### WORK TASK
Go to the line below that has "Dragonn Ergonomic Kneeling Chair", print it and each line after it exactly, and stop after the line that has "Lake Tanukiko"; leave out pictures.

### RECORDS PROVIDED
-------

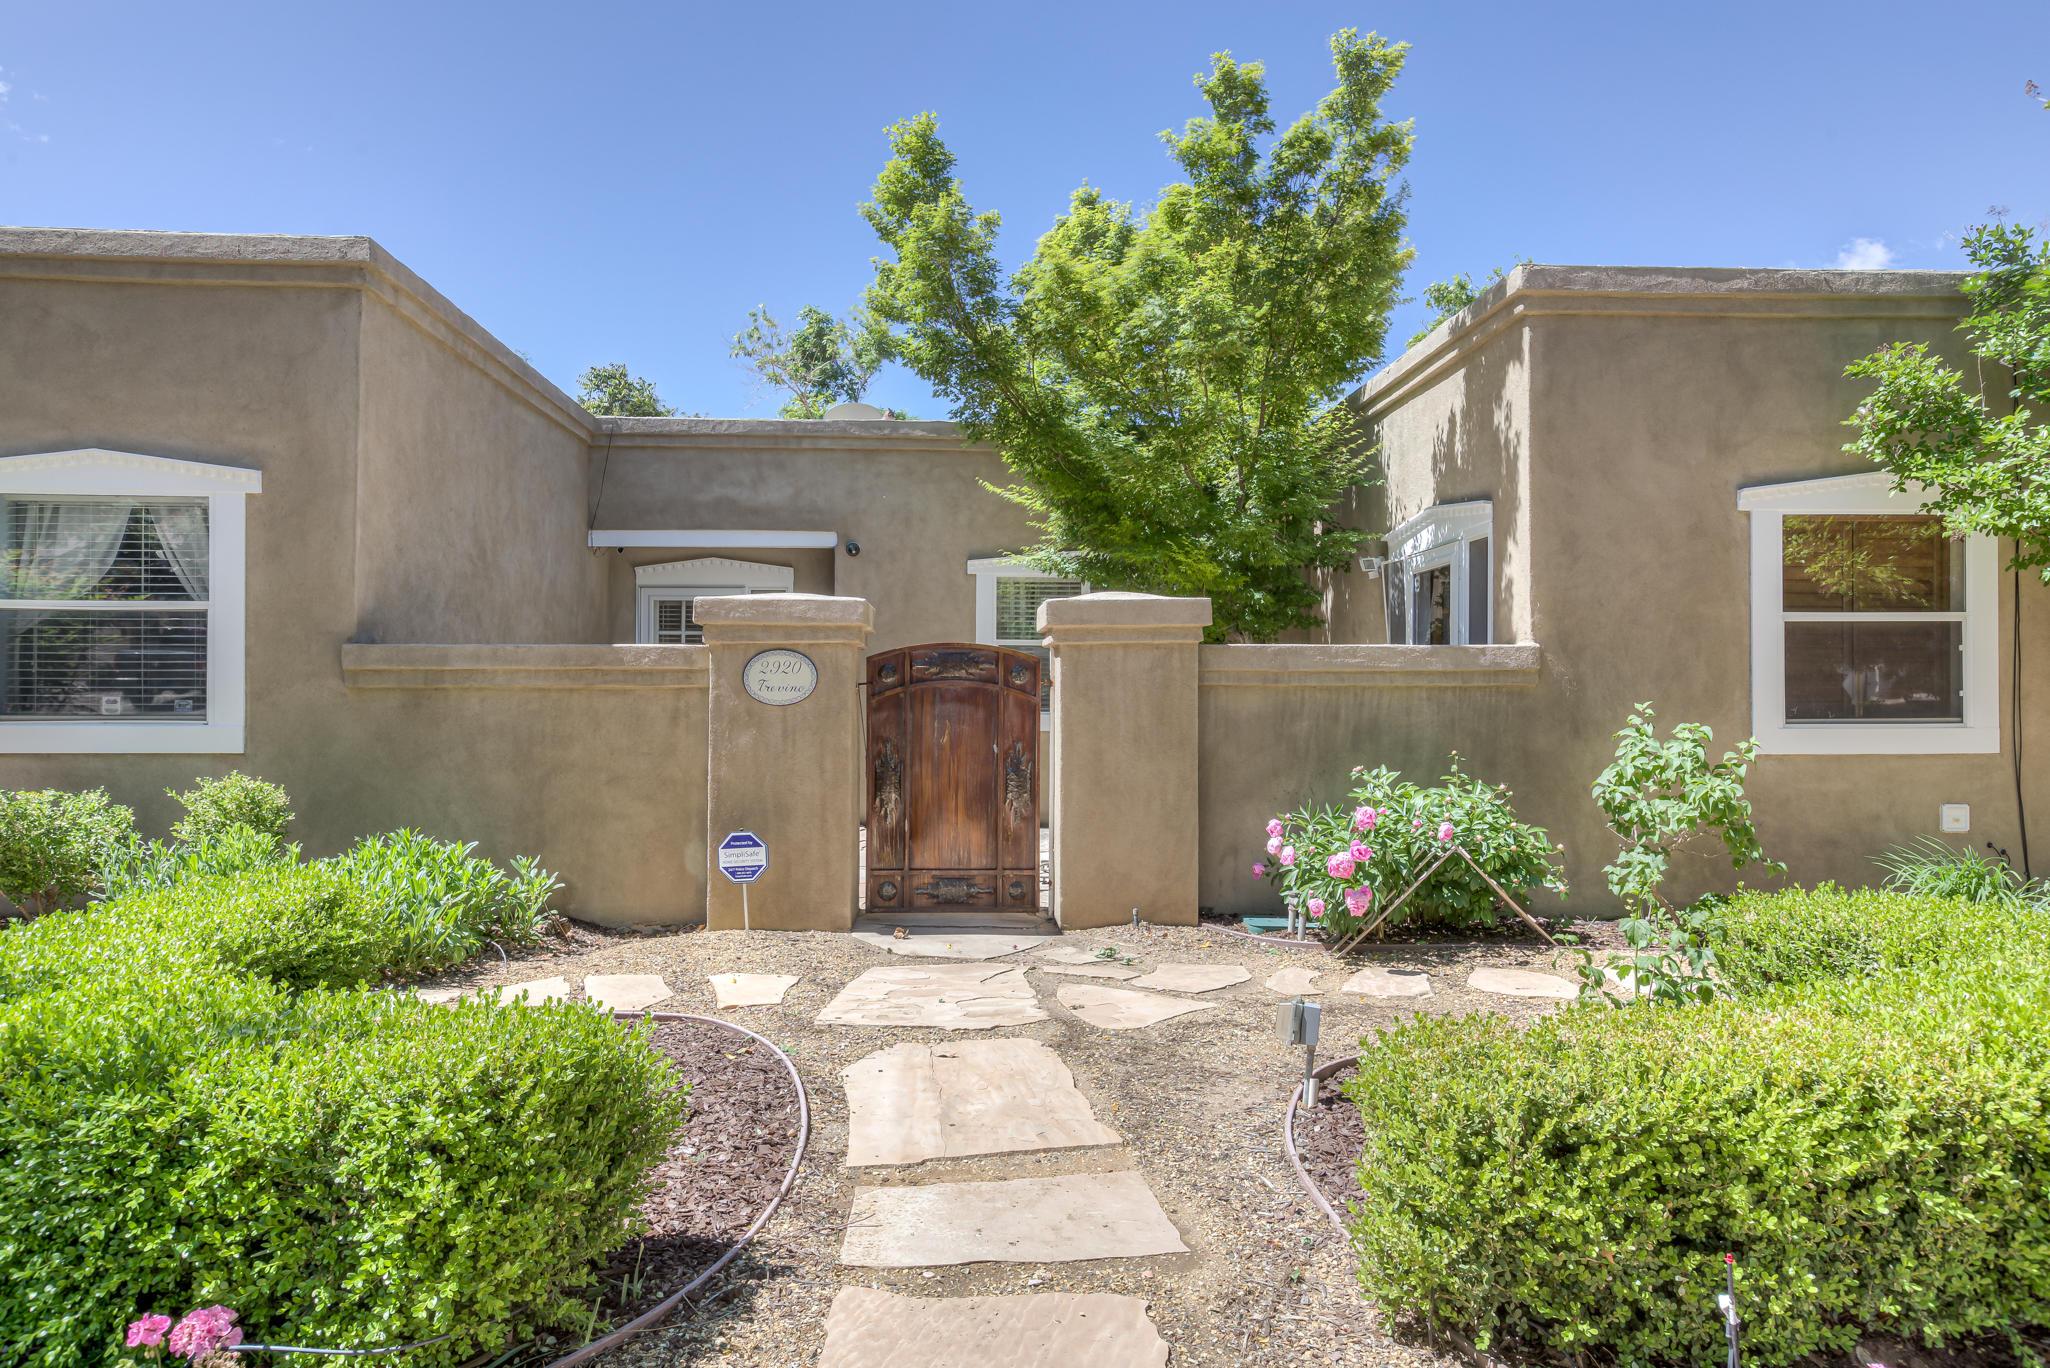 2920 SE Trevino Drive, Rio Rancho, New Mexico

-------

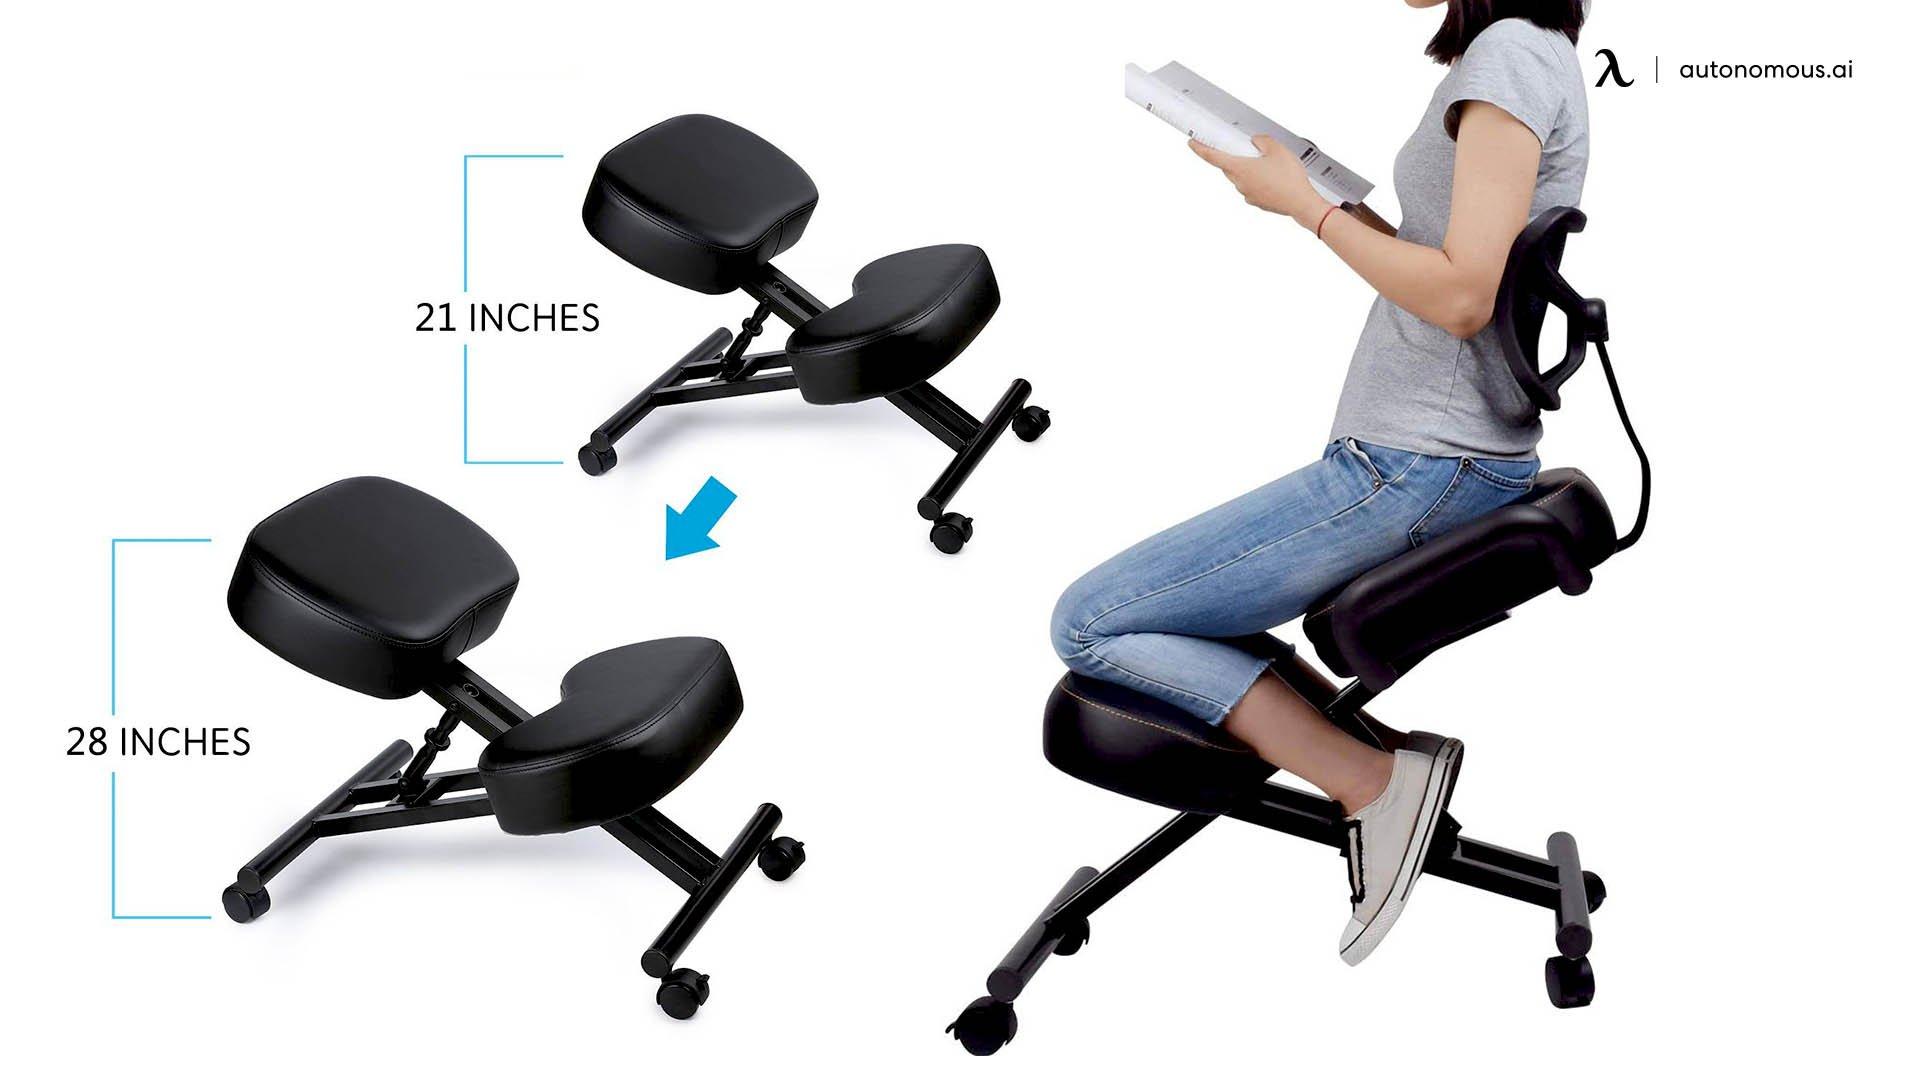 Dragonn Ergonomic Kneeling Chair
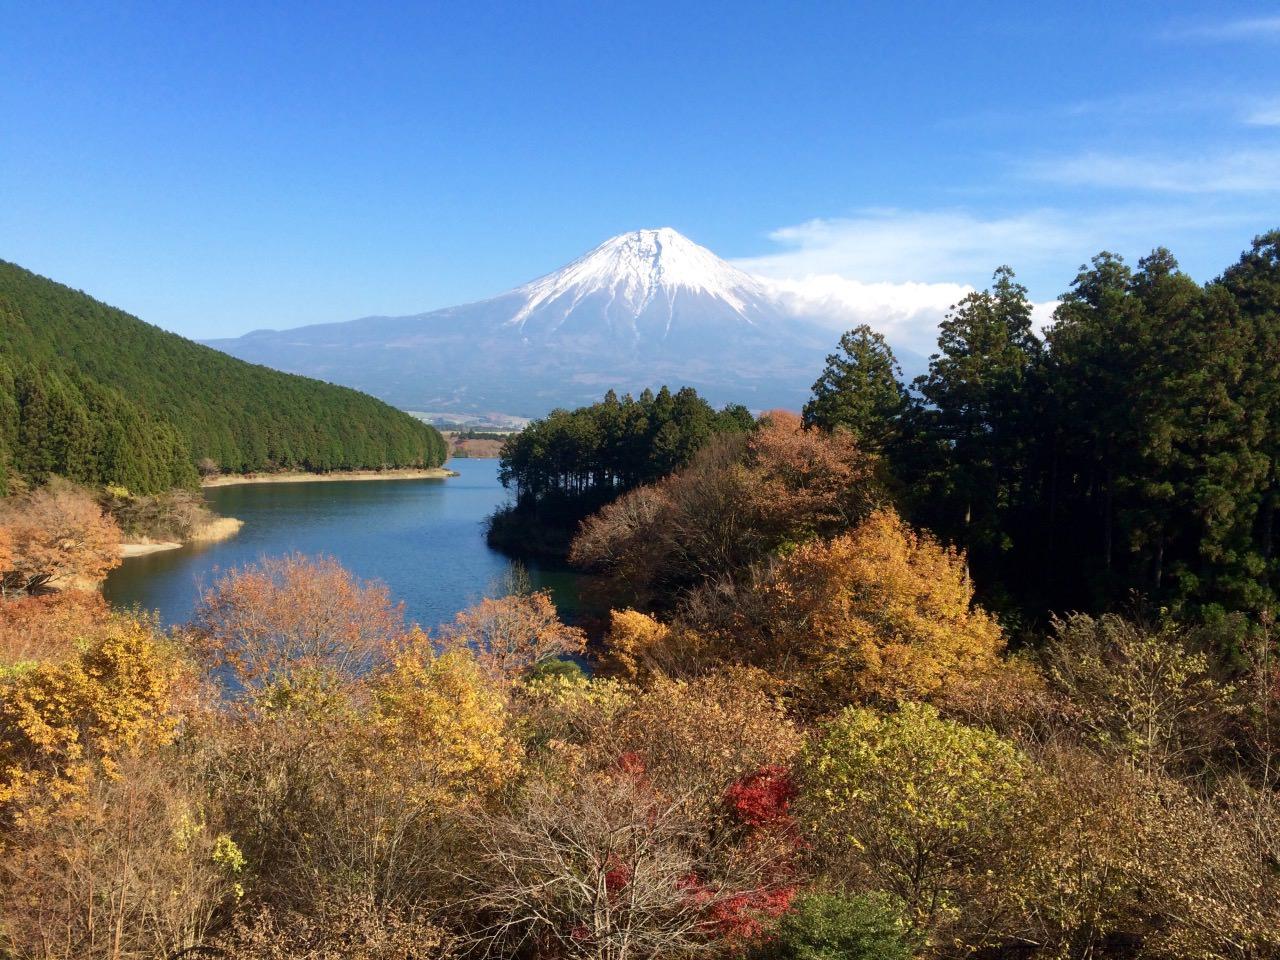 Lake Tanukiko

-------

### OUTPUT FOR THIS TASK
 Dragonn Ergonomic Kneeling Chair
 Lake Tanukiko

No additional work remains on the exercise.